– Хорошо, я скажу. Просто мне шестнадцать лет, и я не хотел об этом во всеуслышание говорить…
– Да говори уже шестнадцатилетний греческий атлет.
– Я приехал посетить лупанарии. Да, лупанарии. Все в Греции говорят, что в Риме лучшие простибулы во всей империи.
Милесы рассмеялись.
– А тебе мало твоей рабыни? – хохотал стражник. – Или ты любитель оргий?
– Да, любитель.
– Эх, где мои шестнадцать лет!?
И милесы вновь расхохотались.
– Я вам дам денарии, но не за вход в город, так как взятки незаконны, а за то, что вы мне подскажите, где самый лучший и чистый лупанарий.
– Сколько?
– Десять.
– Шестьдесят.
– Сорок.
– Но на лошади нельзя ездить по городу в дневное время, так что придется ее оставить на стоянке лошадей и оплатить содержание.
– Не проблема. Вот вам ваши монеты. Так какой здесь лучший лупанарий?
– А нам откуда знать? Мы порядочные римляне. – и вновь хохот. – Сам ищи.
Туллий оставил лошадь и отправился с Опойей внутрь города по дороге Субуры (clivus Suburanus). Он осматривался по сторонам в надежде найти своего друга грека, но того и след простыл.

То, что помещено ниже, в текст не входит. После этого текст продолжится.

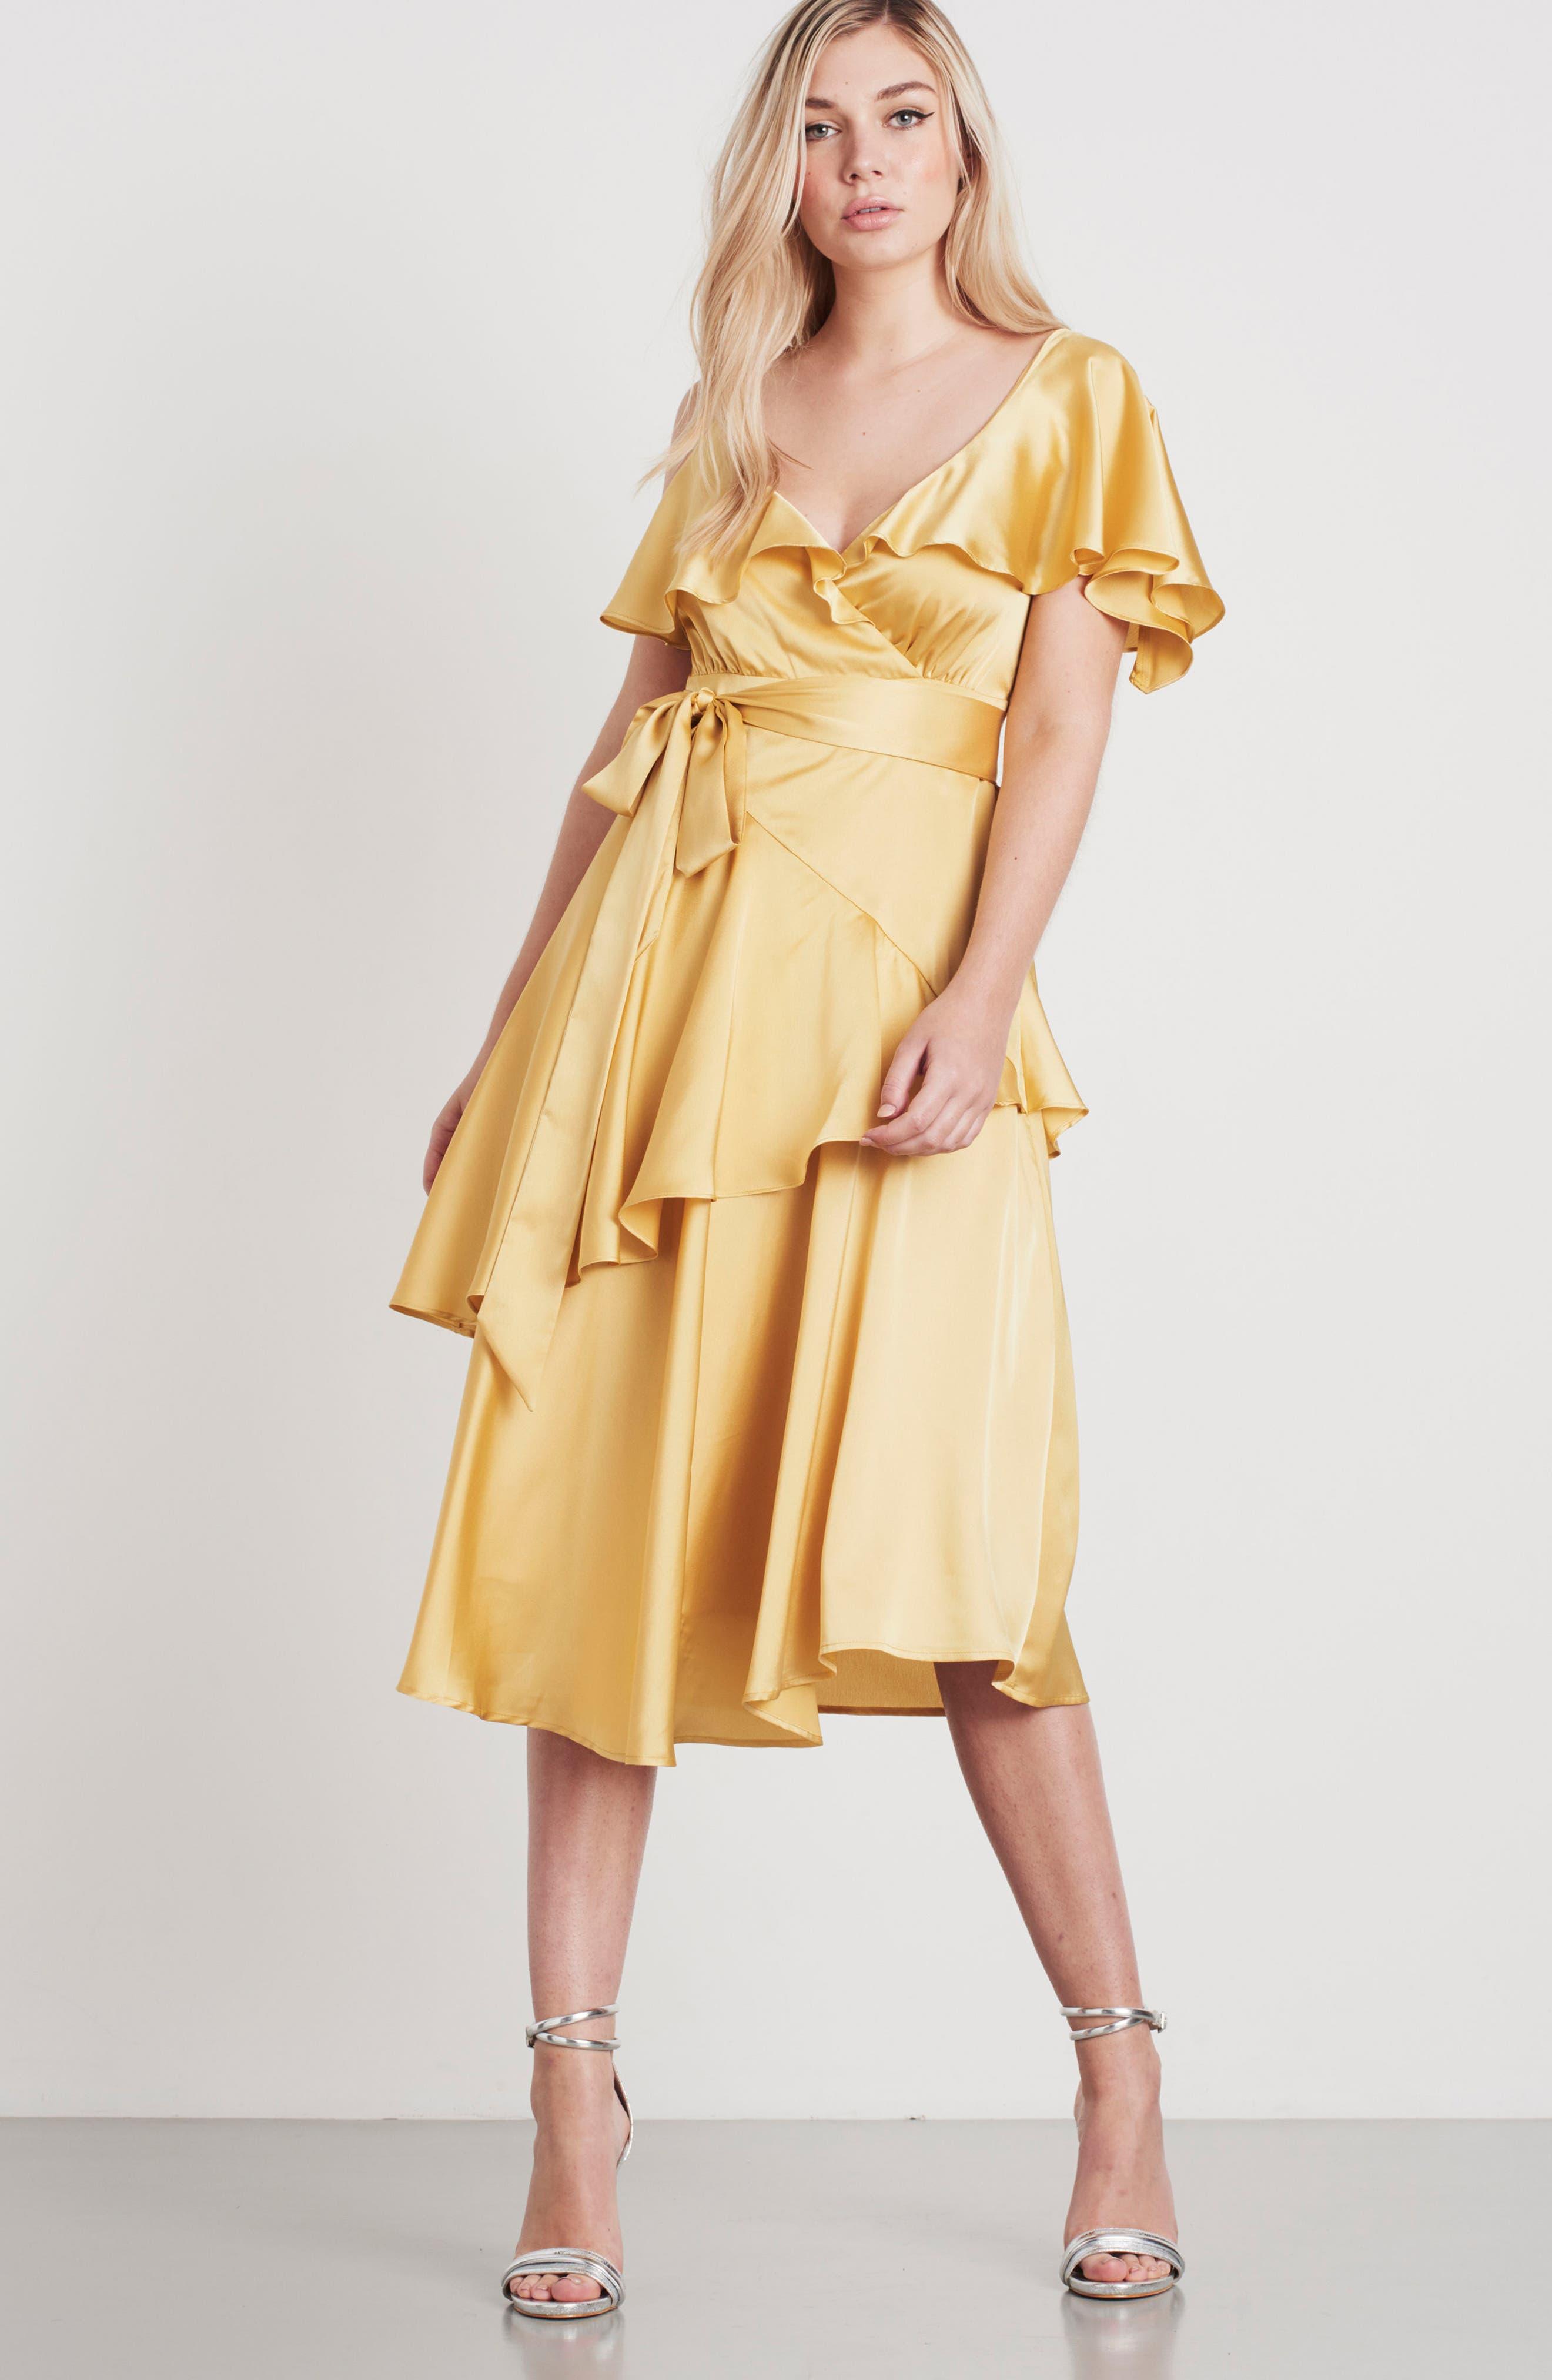 Deconstructed Tea Dress,                             Alternate thumbnail 2, color,                             Yellow

– Куда мы пойти, господин? – спросила Опойя.
– Надо бы найти мансион[55]
. Ты, наверное, очень голодна!?– Ничего страшного, господин.
– Вообще-то нам надо к сенатору на Квиринал… – начал вспоминать план города. – Так, значит, мы сейчас на Эсквилине… Отлично, это соседний холм. Правда, встреча назначена на завтра. Ладно, пойдем сразу на Квиринал и поищем жилье заодно.

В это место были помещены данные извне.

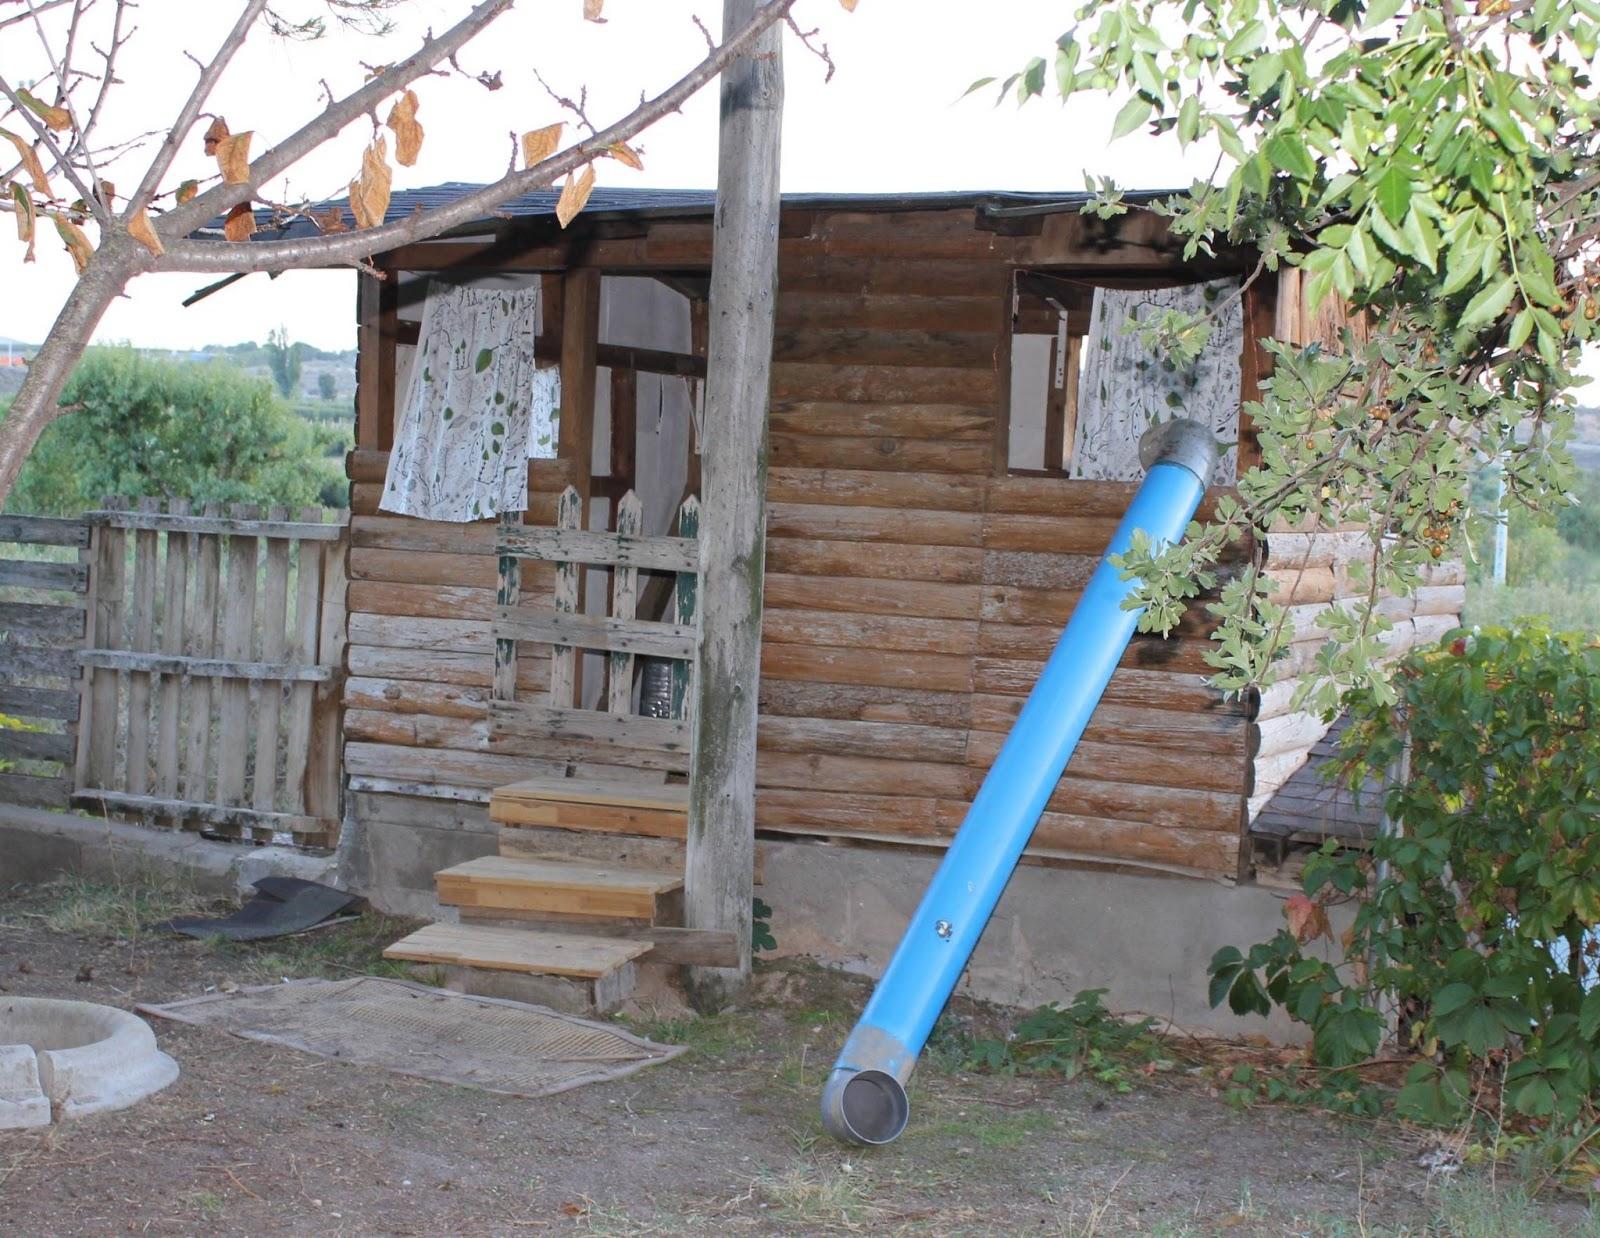 3 macarrons la casita de madera - La casita de madera ...

Дороги за пределами Рима были просто колоссальные: широкие, 12 локтей, выложены булыжником, вдоль них разрастались могилы и усыпальницы римлян. В самом же Риме дела обстояли иначе. Улицы, в большинстве случаев, до сих пор оставались простыми проходами (angiportus) или тропинками (semitae), ширина которых 7 локтей. Узость проходов усугублялась тем, что они делали еще больше извивов, потому что на «семи холмах» им приходилось взбегать или спускаться по весьма крутым склонам, откуда и происходит слово clivi – спуски, присвоенное многим из них clivus Capitolinus, divus Argentarius и другим. Наконец, ежедневно загрязняемые мусором из прилегающих инсул, они не содержались в том хорошем состоянии, в каком предписал им Диктатор[56]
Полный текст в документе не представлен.